### [What the task asks]
Please output the lines from the one with "Surf skate craze comes to Impact Arena" through the end of the data exactly as written, omitting all pictures.

### [Given information]
===
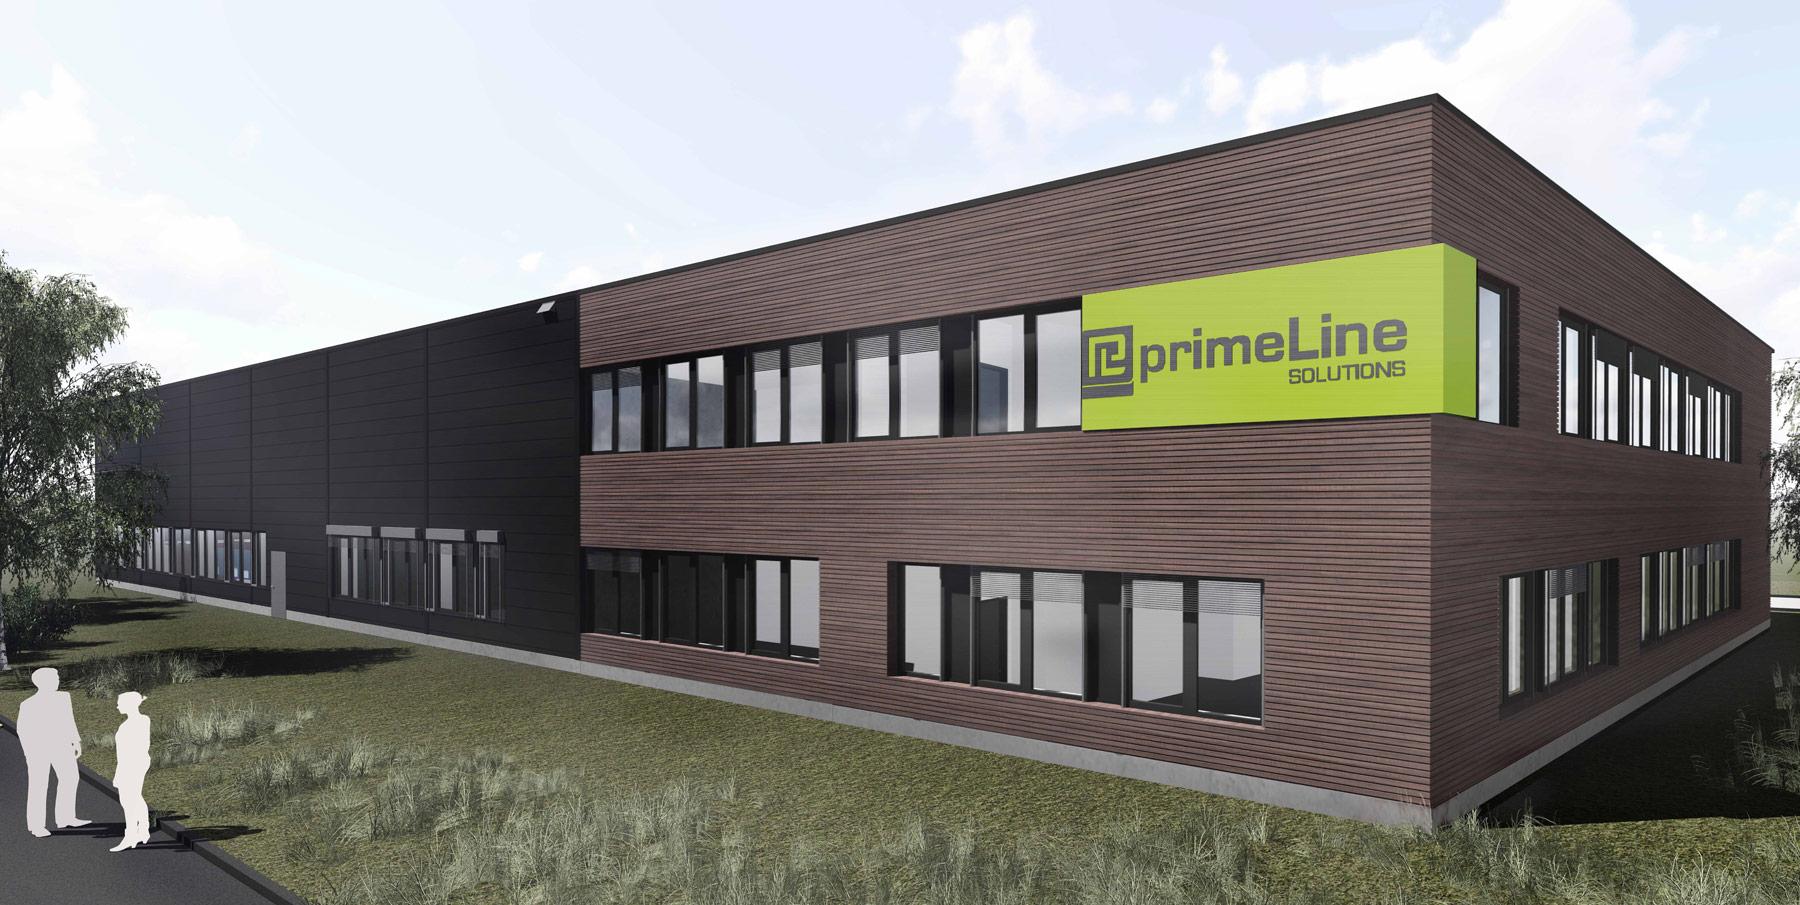 So soll das neue Gebäude der primeLine Unternehmensgruppe im Herbst diesen Jahres fertiggestellt werden
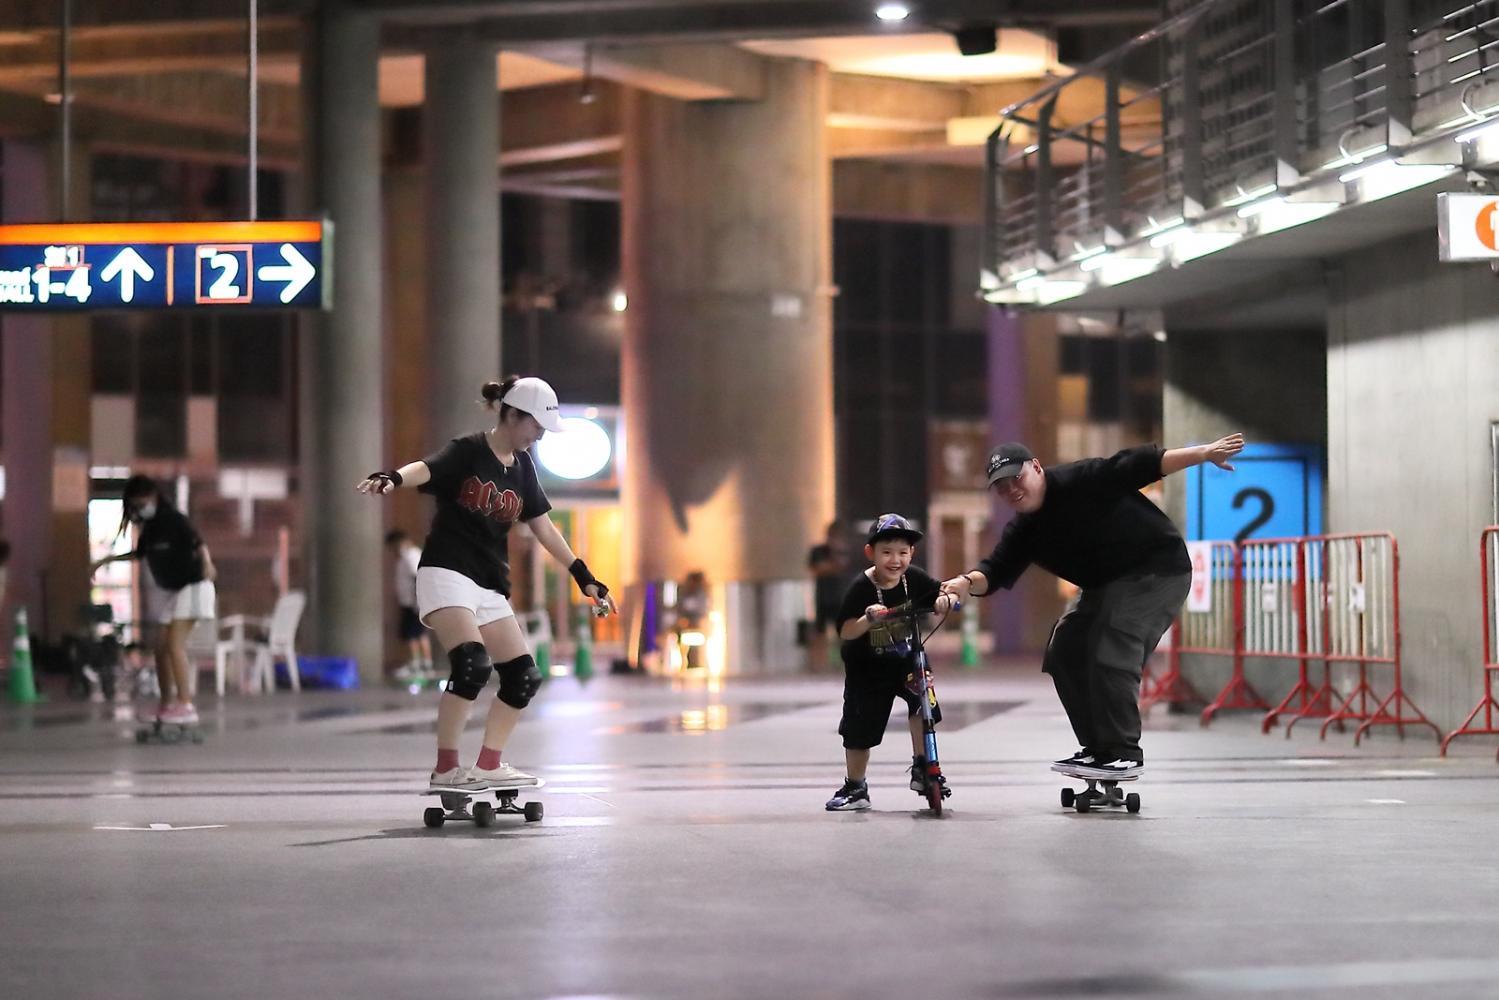 Surf skate craze comes to Impact Arena
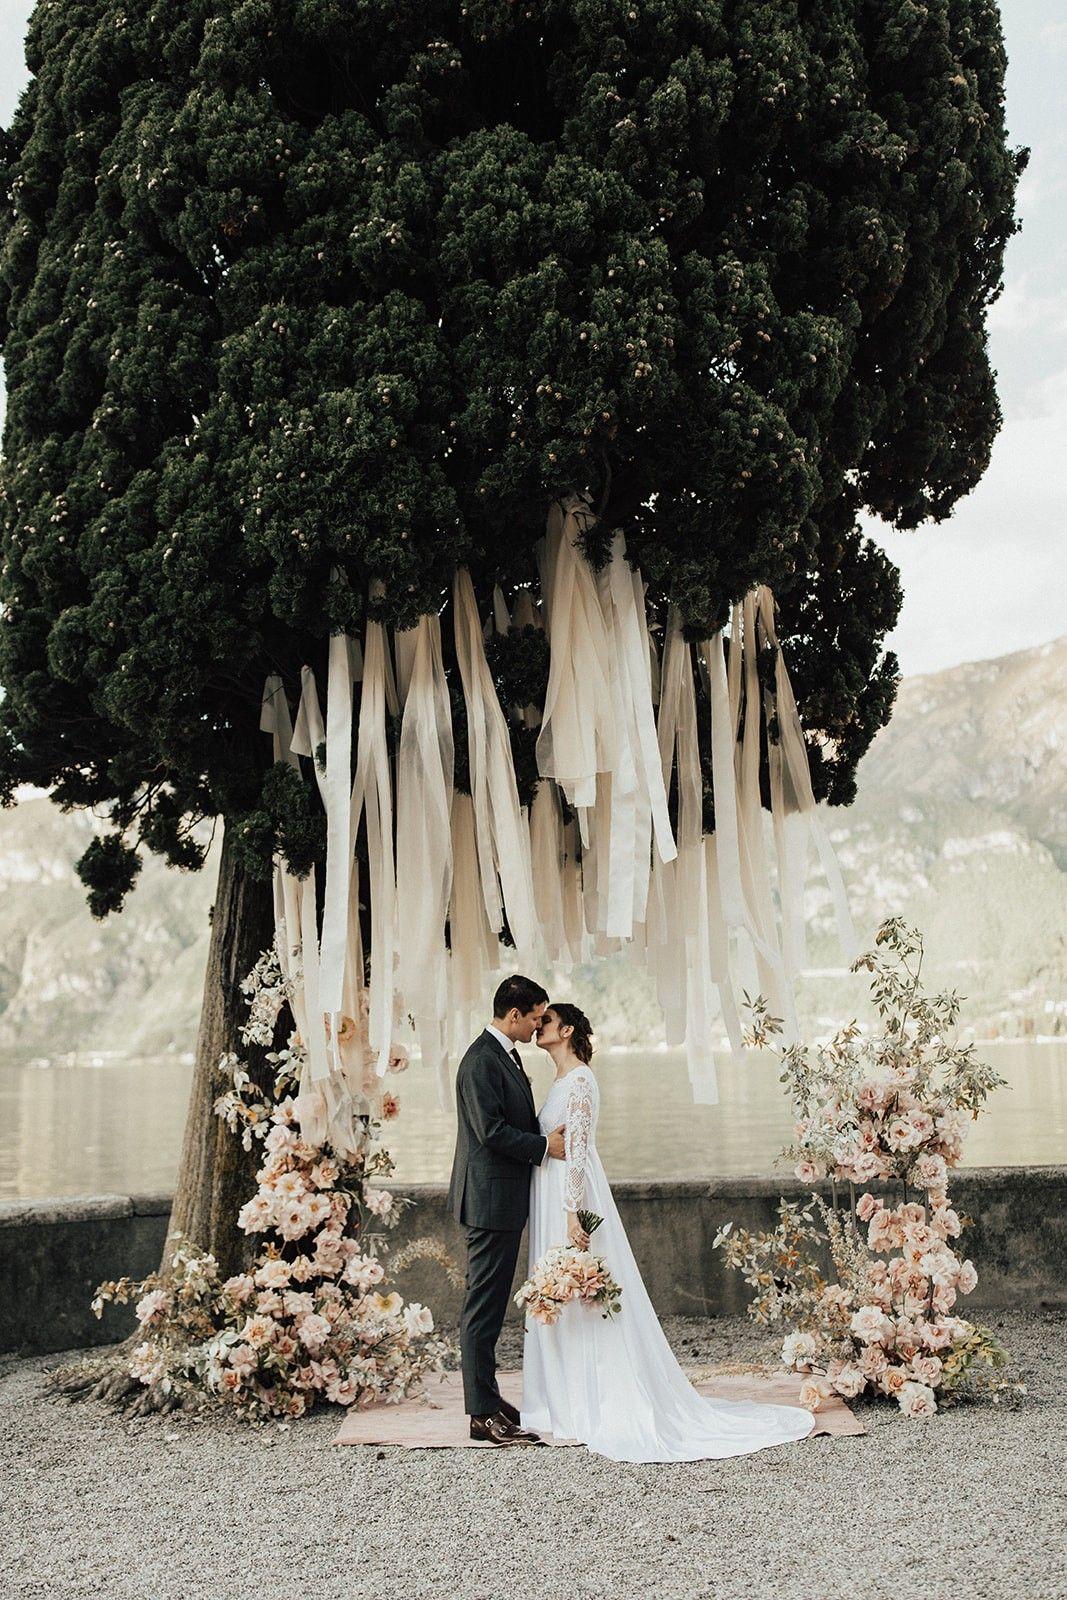 Come Organizzare Un Matrimonio Perfetto I Nostri Servizi Di Wedding Planning Nel 2020 Matrimonio In Italia Fiori Per Matrimoni Matrimonio
===
### [Answer]
 Surf skate craze comes to Impact Arena
 Come Organizzare Un Matrimonio Perfetto I Nostri Servizi Di Wedding Planning Nel 2020 Matrimonio In Italia Fiori Per Matrimoni Matrimonio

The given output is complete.